The primary goal for this study was to identify an object detection model suitable for real-time application both in terms of speed and precision. Given this, YOLOv7tiny will be selected for future advances, such as implementation onto a single board computer for the sake of portability. The model has less trainable parameters than the other models evaluated, but this likely helped prevent overfitting in this relatively simple image interpretation application. The model generated with YOLOv7tiny outperformed all others in every evaluation criterion. However, given its relatively high performance on precision, a smaller iteration of EfficientDet may also be considered to overcome its performance as the model with the slowest inference time. For example, the baseline EfficientDet-D0 still outperforms versions such as EfficientDet-D1 and EfficientDetD2 in other ultrasound applications in terms of accuracy [44]. Our study supports EfficientDet-D2 as a high accuracy model implying that a different version of EfficientDet with less trainable parameters can improve its inference time and is worth considering for future work.
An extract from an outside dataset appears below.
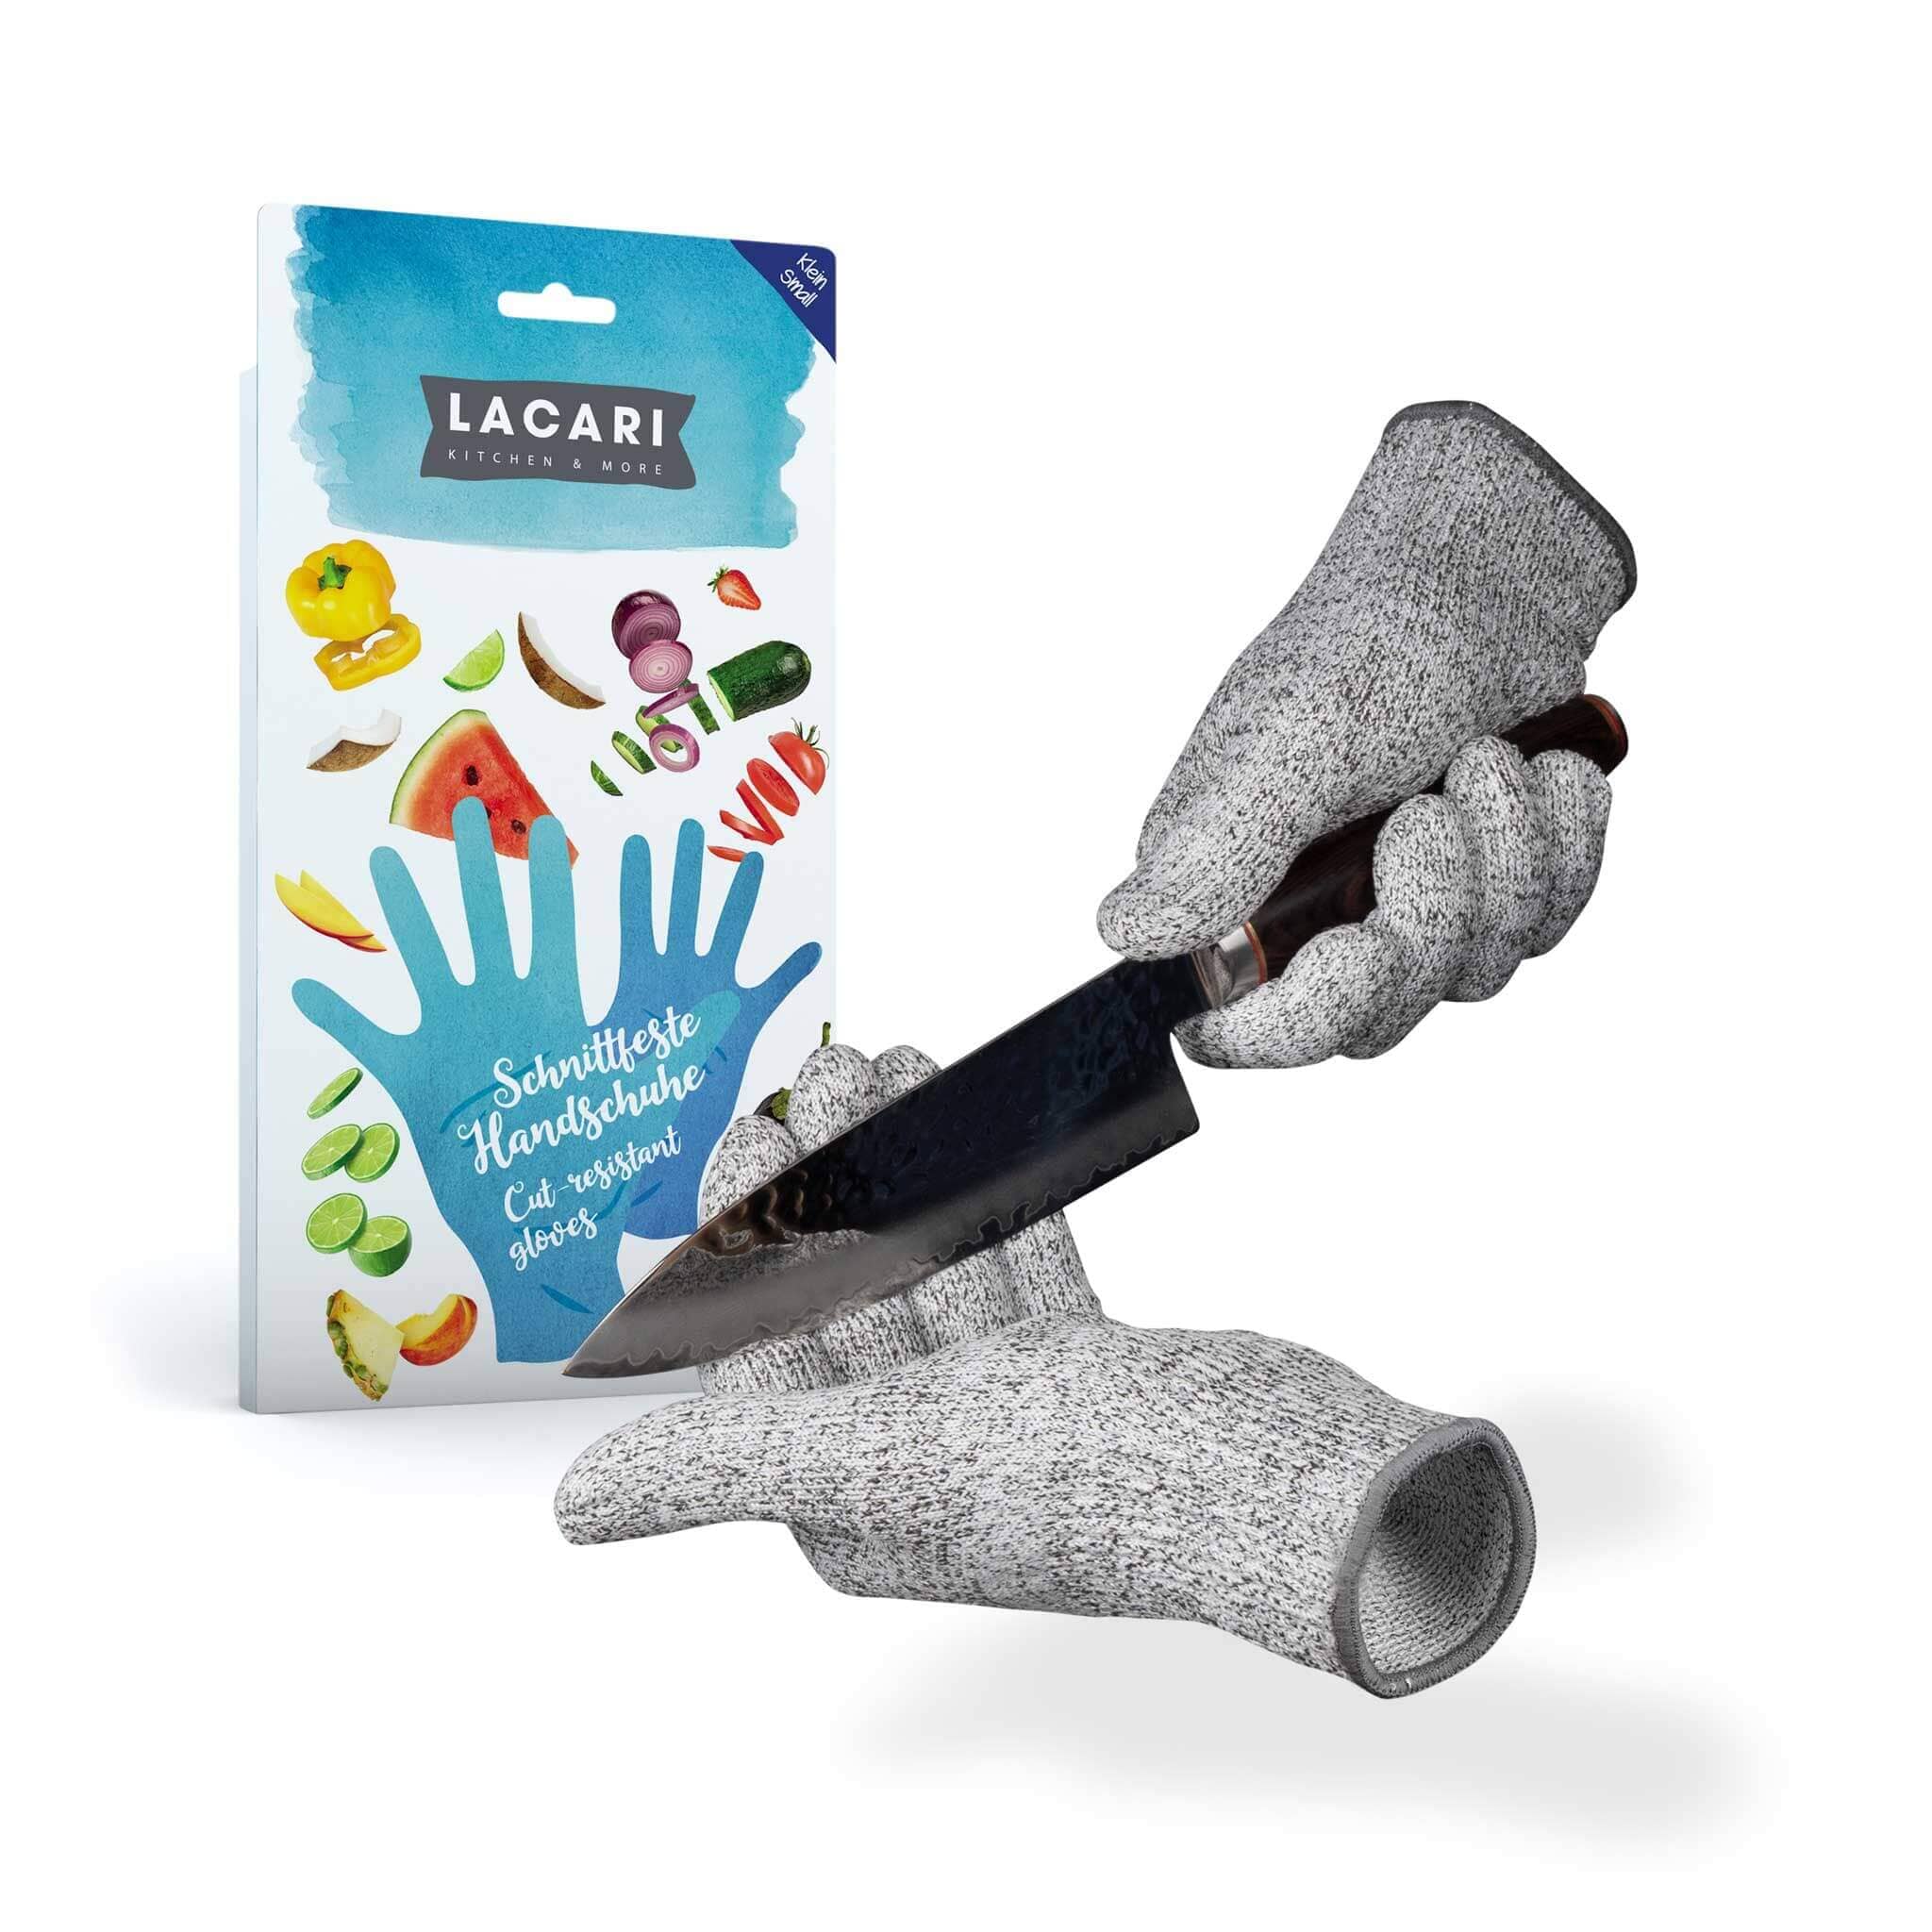 LACARI Schnittschutz-Handschuhe [1 Paar] - reißfest Küchenhandschuhe Lacari Grau S/M = 7 - 8.5 cm

While we selected a model suitable for future work, our study had some limitations. First, the image sets were collected in an US tissue phantom instead of animal or human tissue. The tissue phantom has heterogeneous complexities in the tissue bulk making it a challenging imaging platform to detect shrapnel, but it lacks the tissue level organization seen in biological tissue. While tissue phantoms can be important first steps in developing medical image analysis applications such as this, the lack of biological complexity may require transfer-learning the model prior to use in animal or human tissue. However, we have previously been able to train an AI model to recognize shrapnel in swine tissue by supplementing phantom training image sets with only 10% swine images [42]. Second, the testing data for this study did not contain entire subject holdouts, which may reduce the model’s performance with new subjects. This will be critical to evaluate prior to real-time implementation, as subject variability is clinically important, and a deployable model must be generalized to handle this variability. Additional data augmentation or ensemble prediction approaches may be needed to make objection models more generalized going forward [45]. Third, a limited number of object detection models were evaluated in this study, and as a result, a more optimal model may exist. The goal here was to evaluate a wide range of model architectures, but having identified YOLOv7tiny as the most optimal, additional comparison of similar model setups or hyperparameter optimization can result in further improvements.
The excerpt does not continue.